__Your task__
The whole listing that follows is to be restated word for word, images excluded.

__Given data__
-.-.-

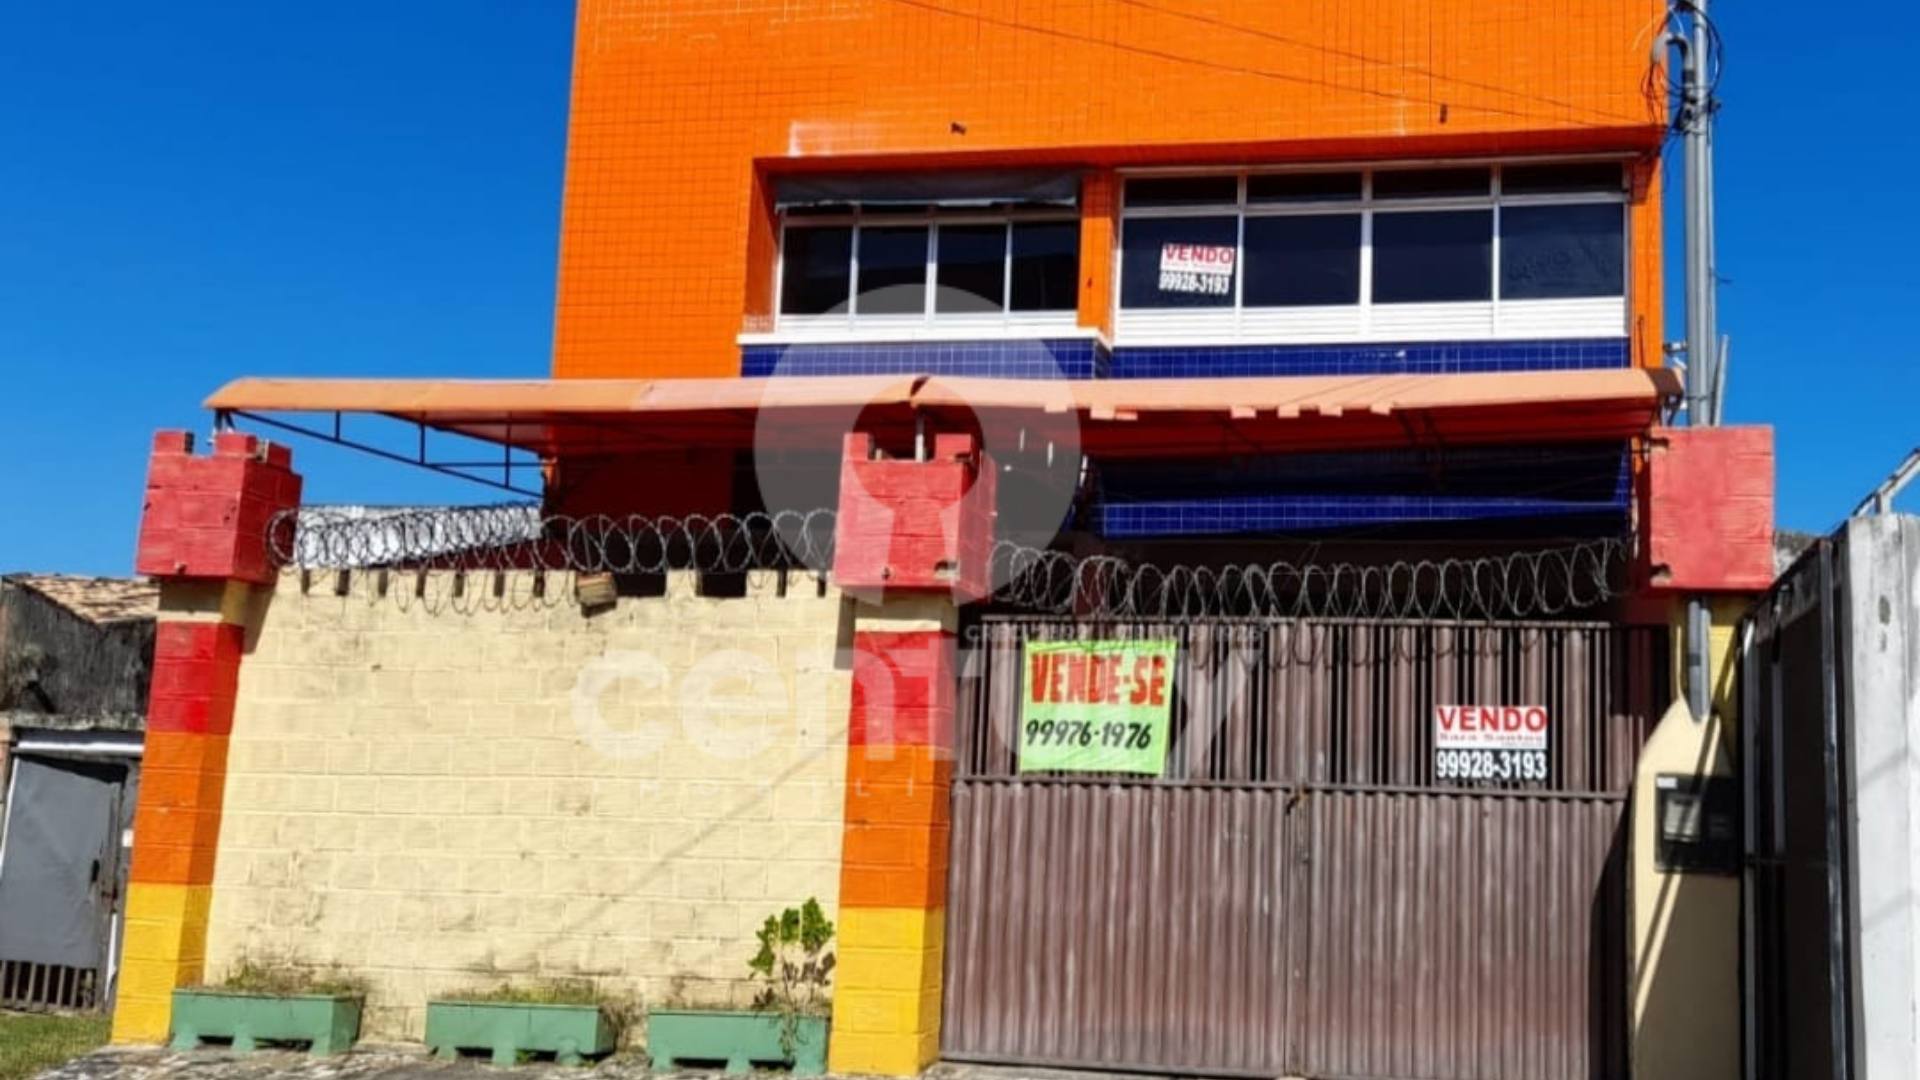 Ponto Comercial à venda no bairro Getúlio Vargas
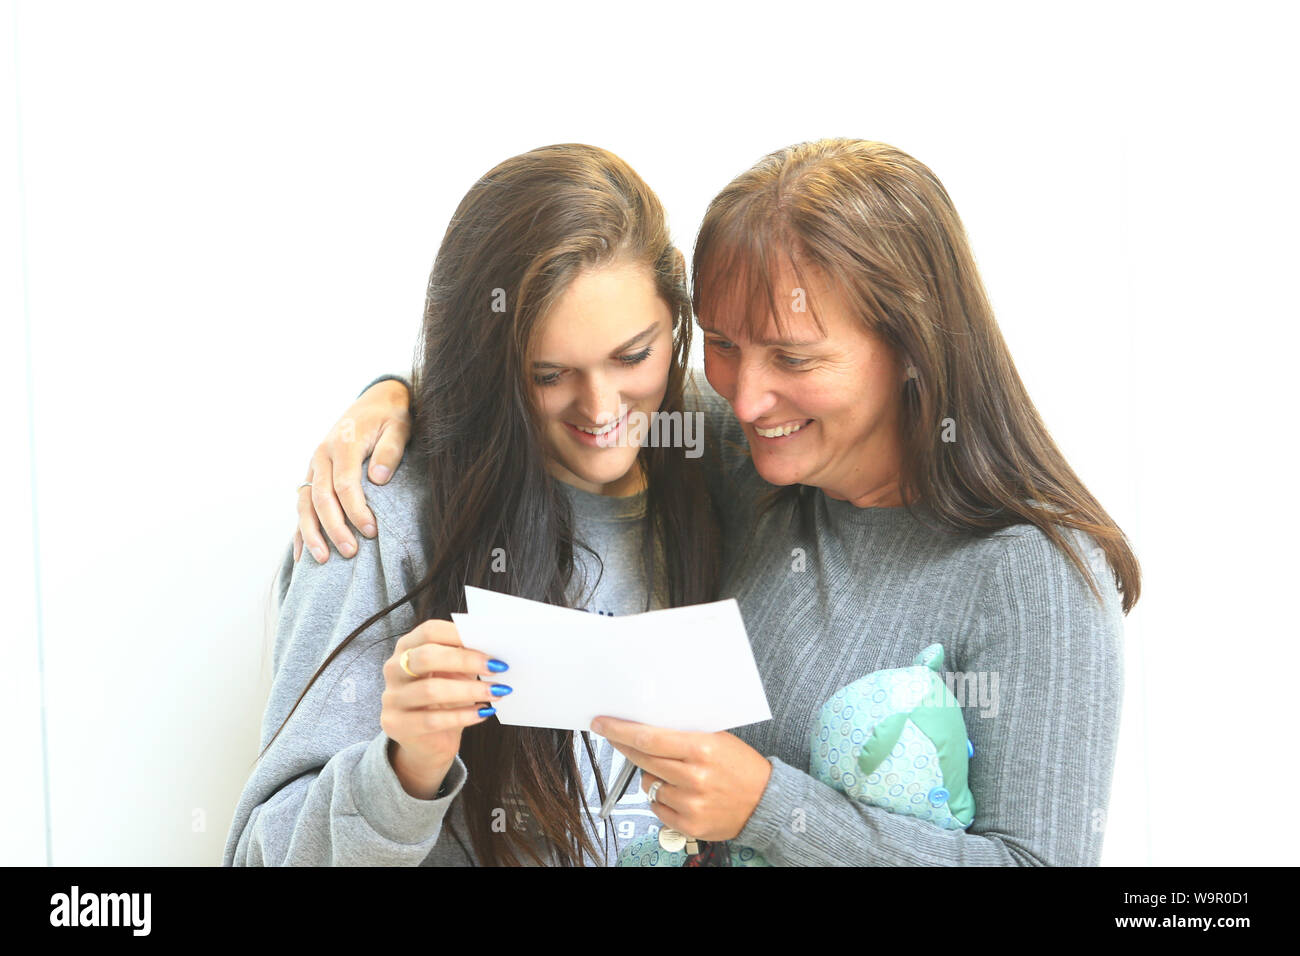 Eine Mutter mit ihrer Tochter, die ihr eine Ebene Prüfungsergebnisse eröffnet hat, Großbritannien 2019 Stockfoto
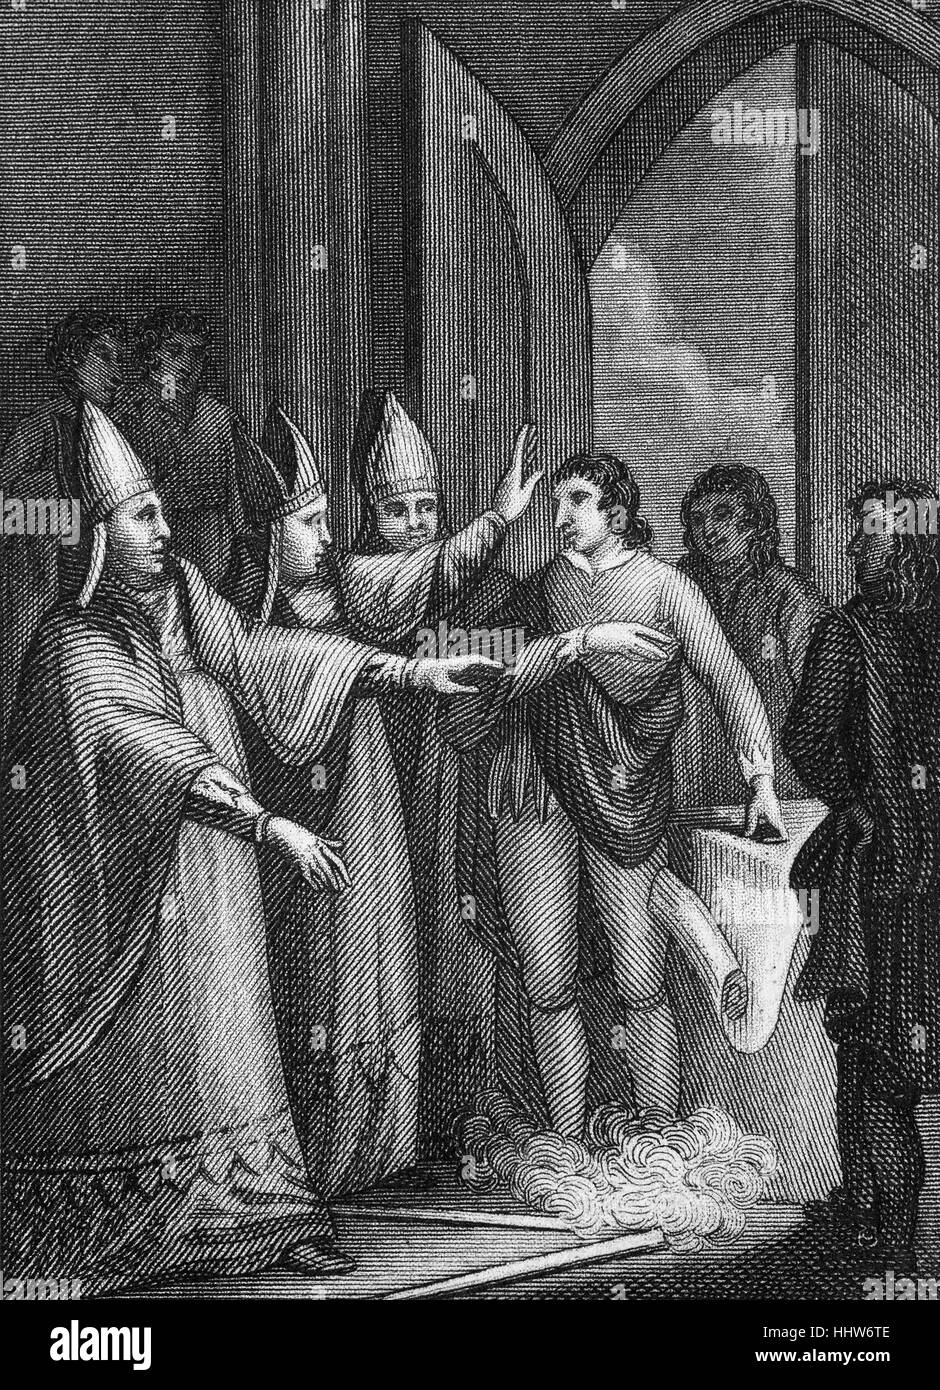 Magna Carta, oder "The Great Charta", wurde ursprünglich von König John von England als Lösung für die politische Krise ausgestellt, die er im Jahre 1215 konfrontiert. Das Prinzip, das jeder, auch der König, dem Gesetz unterworfen wurde festgestellt zum ersten Mal. Jedoch eher von König Johann und die Barone ignoriert werden. Dann Henry III (1216-1272), der älteste Sohn des Königs Johann eine überarbeitete Version des Dokuments in 1225 ausgestellt. Die Erteilung einer neuen Version der Charta von König Heinrich III Minderheitsregierung 1216 hatte seine Wirkung. Stockfoto

-.-.-

__Task result__
 Ponto Comercial à venda no bairro Getúlio Vargas
 Eine Mutter mit ihrer Tochter, die ihr eine Ebene Prüfungsergebnisse eröffnet hat, Großbritannien 2019 Stockfoto
 Magna Carta, oder "The Great Charta", wurde ursprünglich von König John von England als Lösung für die politische Krise ausgestellt, die er im Jahre 1215 konfrontiert. Das Prinzip, das jeder, auch der König, dem Gesetz unterworfen wurde festgestellt zum ersten Mal. Jedoch eher von König Johann und die Barone ignoriert werden. Dann Henry III (1216-1272), der älteste Sohn des Königs Johann eine überarbeitete Version des Dokuments in 1225 ausgestellt. Die Erteilung einer neuen Version der Charta von König Heinrich III Minderheitsregierung 1216 hatte seine Wirkung. Stockfoto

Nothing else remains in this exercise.